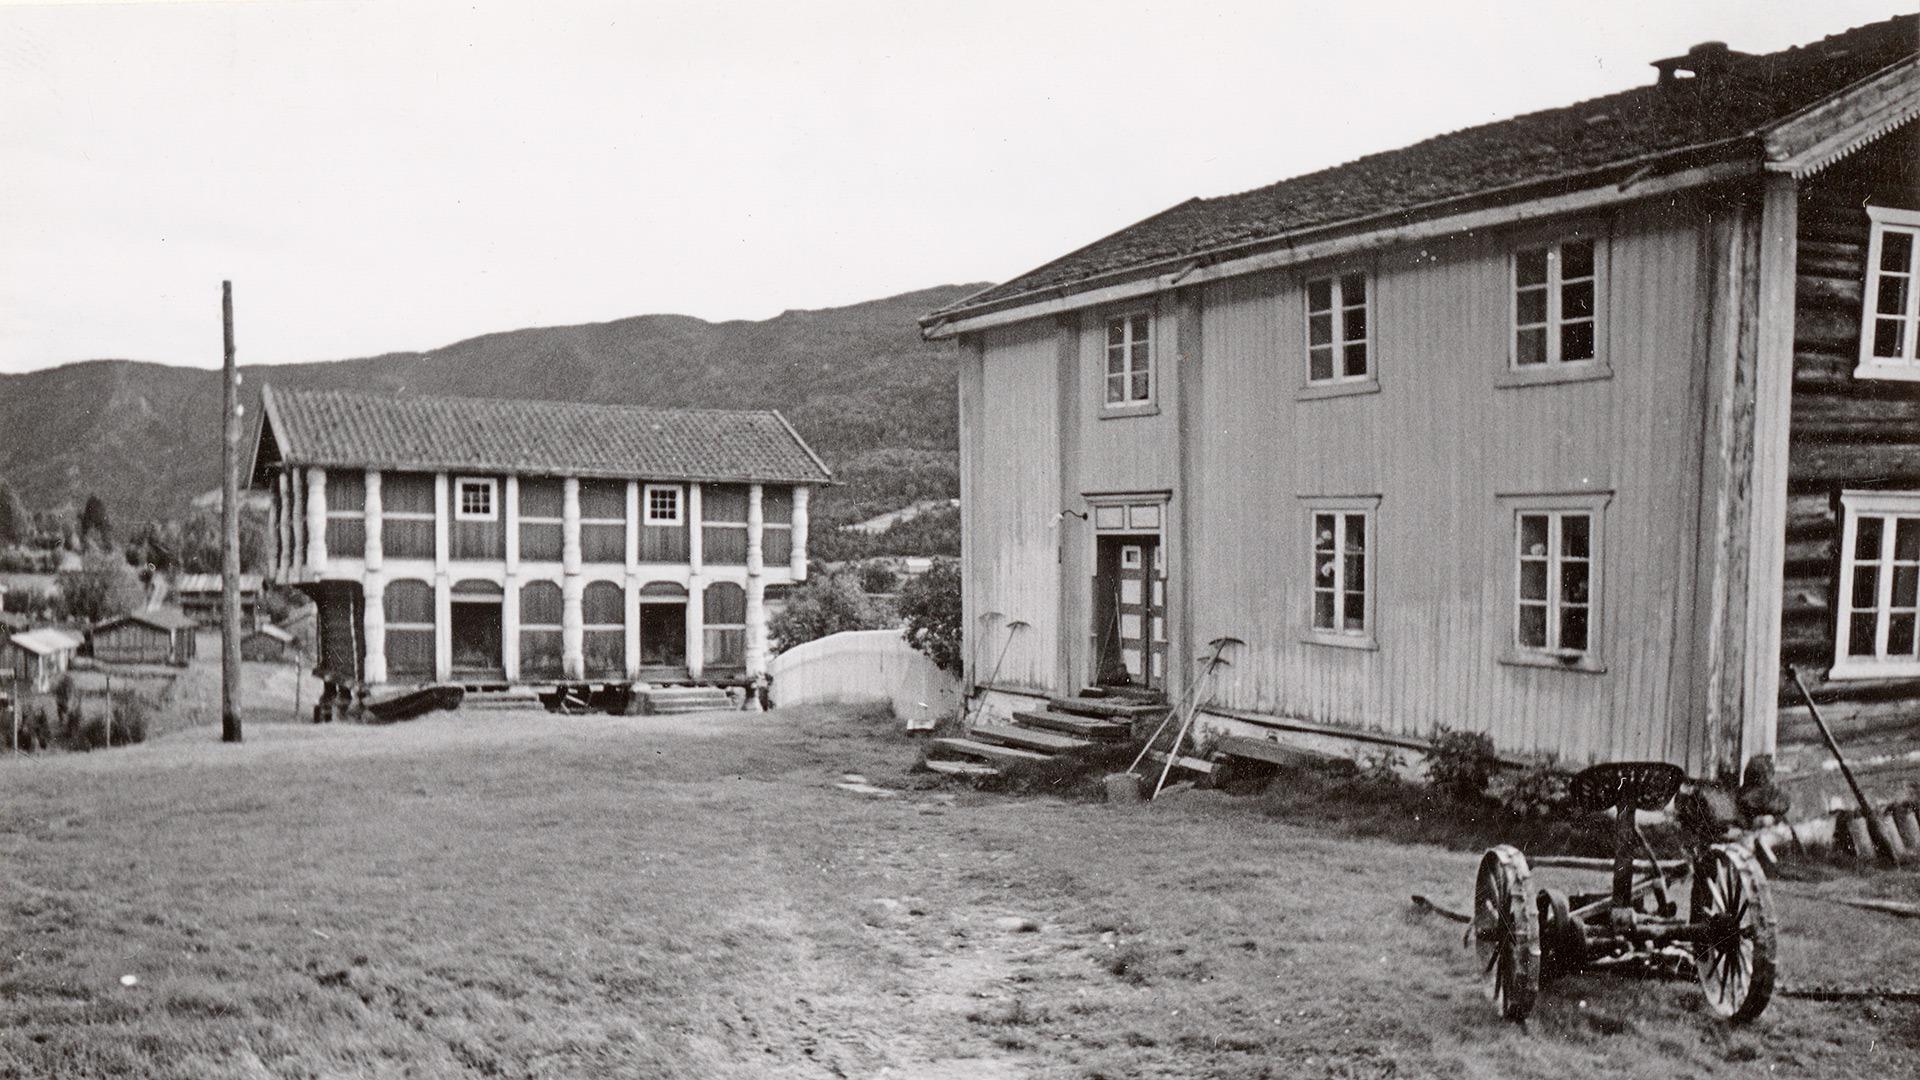 Kravik Mellom i første halvdel av 1900-tallet. Foto: Halvor Vreim (1895-1966) Riksantikvaren
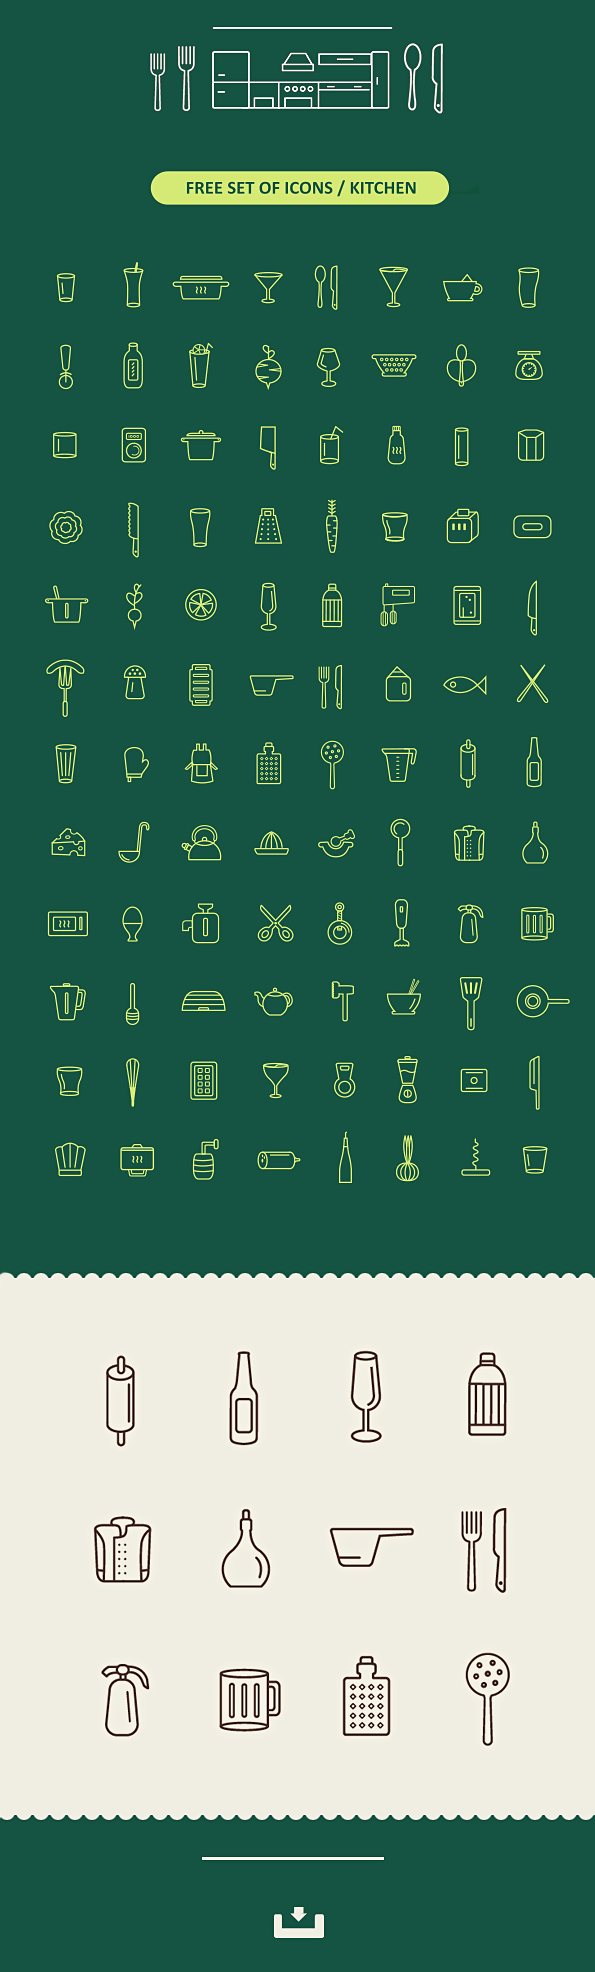 96 가지 무료 벡터 키친/주방/요리 아이콘 - 96 Free Vector Kitchen Icons
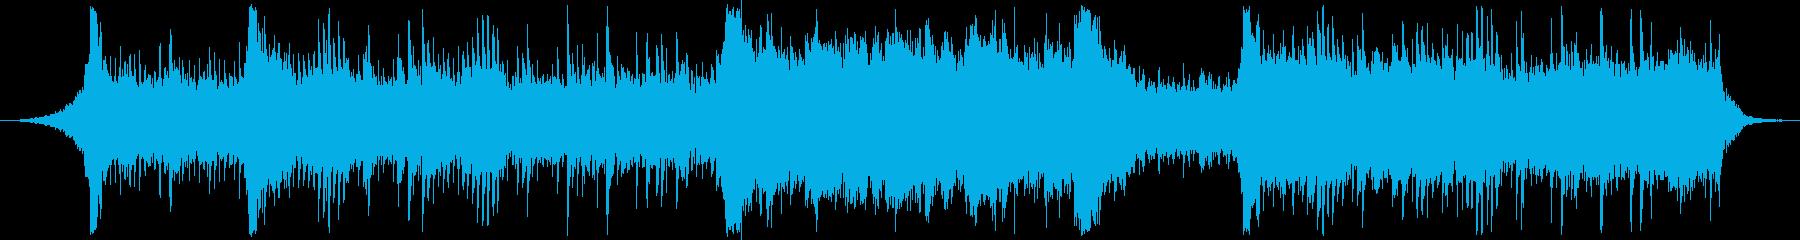 しっとりした和風のヒーリング曲の再生済みの波形

What is expected: Images are not wanted in the copy. Please print the material above exactly.

Exercise output:
 Kravik Mellom i første halvdel av 1900-tallet. Foto: Halvor Vreim (1895-1966) Riksantikvaren
 96 가지 무료 벡터 키친/주방/요리 아이콘 - 96 Free Vector Kitchen Icons
 しっとりした和風のヒーリング曲の再生済みの波形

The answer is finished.